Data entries
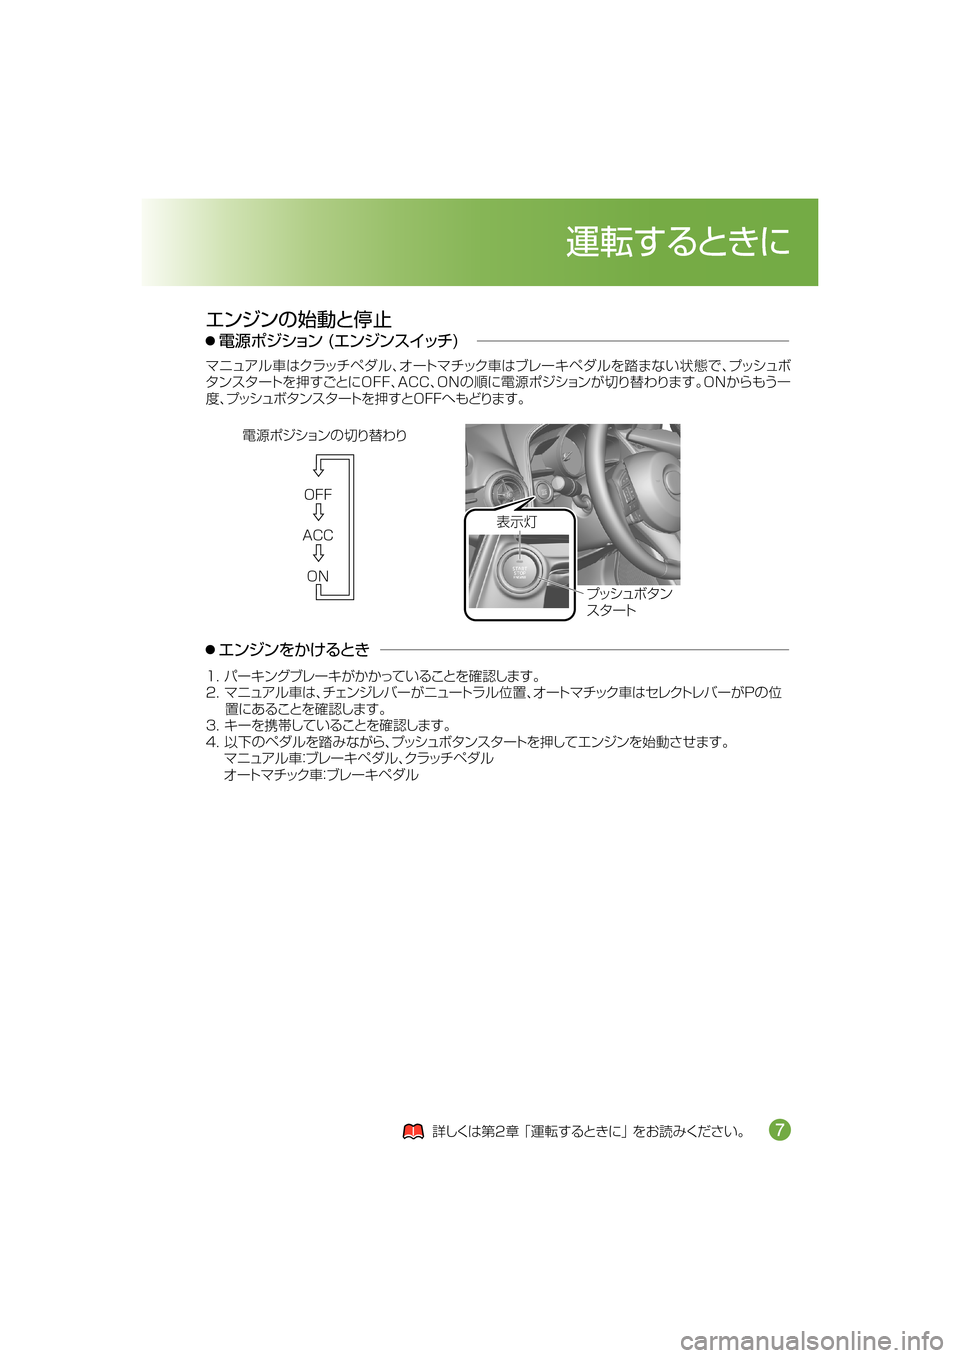 MAZDA MODEL DEMIO 2014  デミオ｜取扱説明書 (in Japanese) �0��
�"�$�$
�0�/
?o
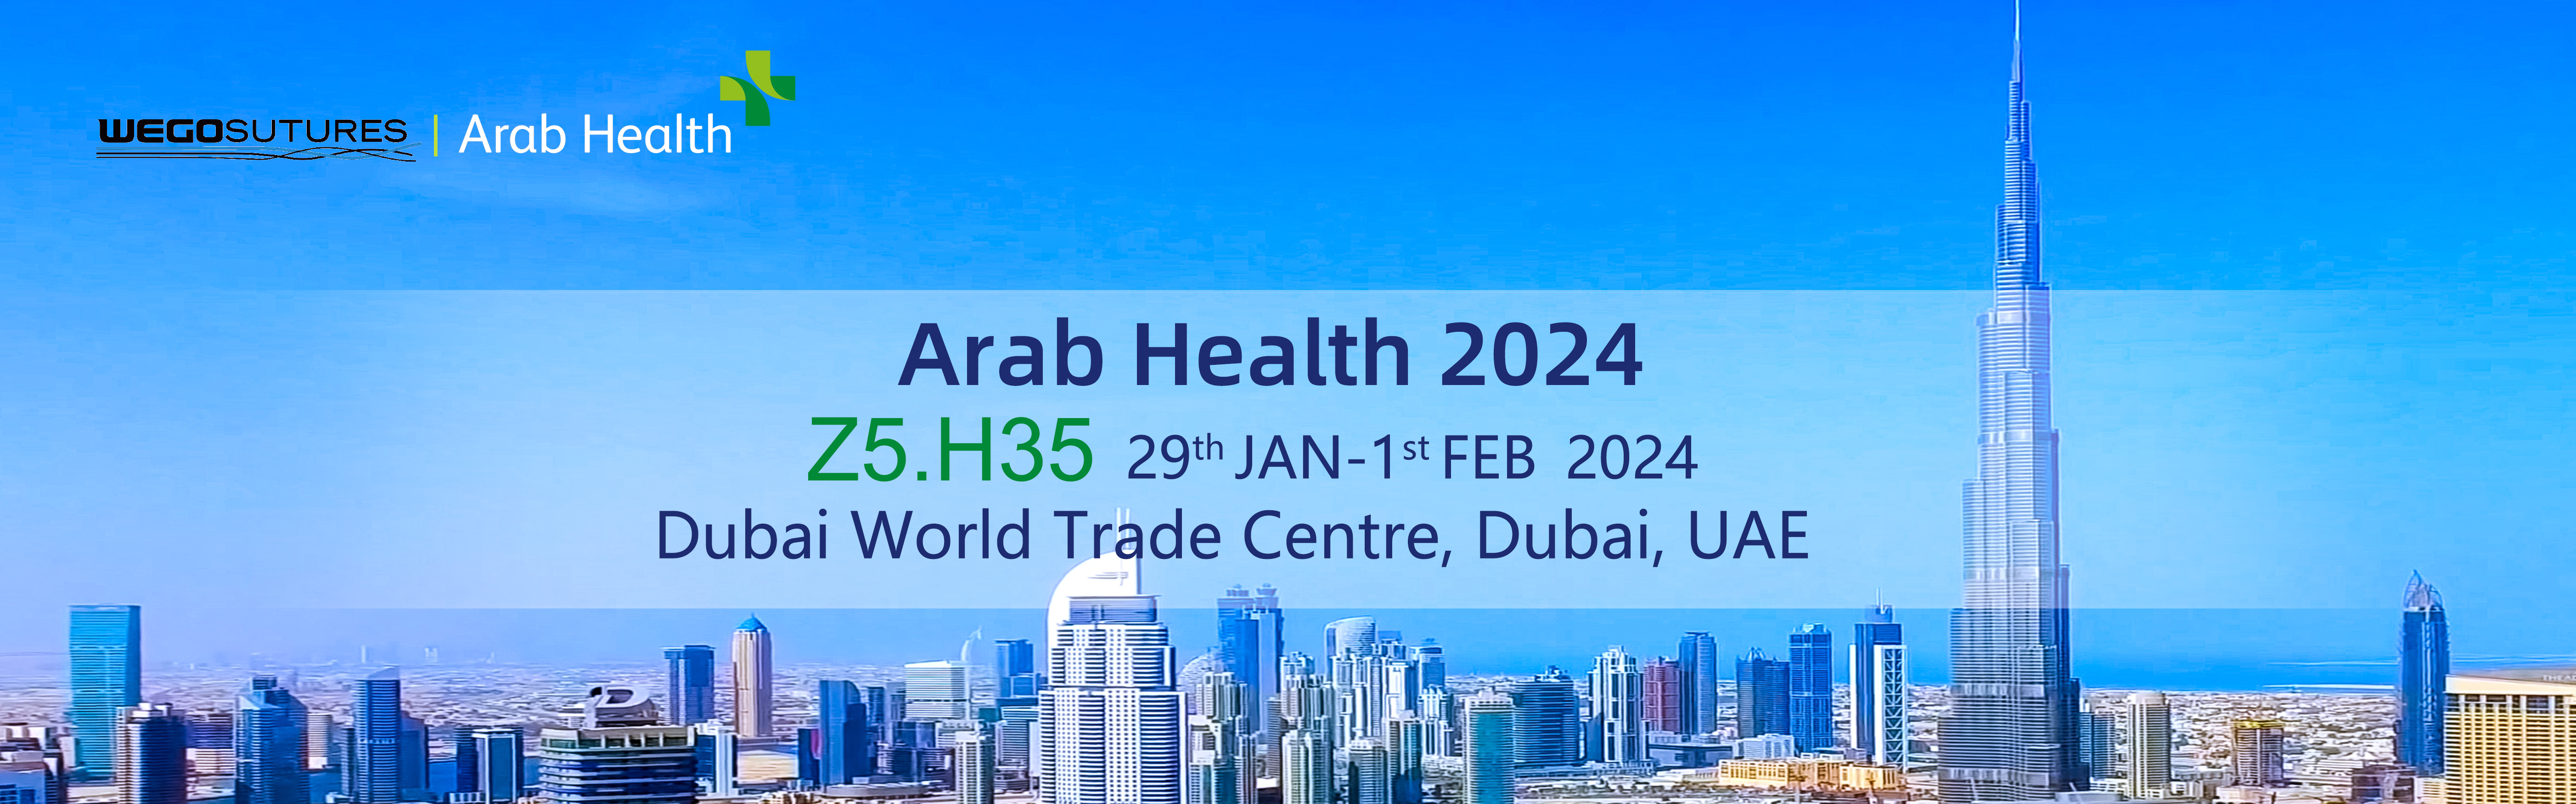 الصحة العربية 2024، مرحباً بزيارتك

## [ACTIVITY]
Now reproduce all of the entries precisely, with no pictures in the copy.

## [SOLUTION]
 MAZDA MODEL DEMIO 2014  デミオ｜取扱説明書 (in Japanese) �0��
�"�$�$
�0�/
?o
 الصحة العربية 2024، مرحباً بزيارتك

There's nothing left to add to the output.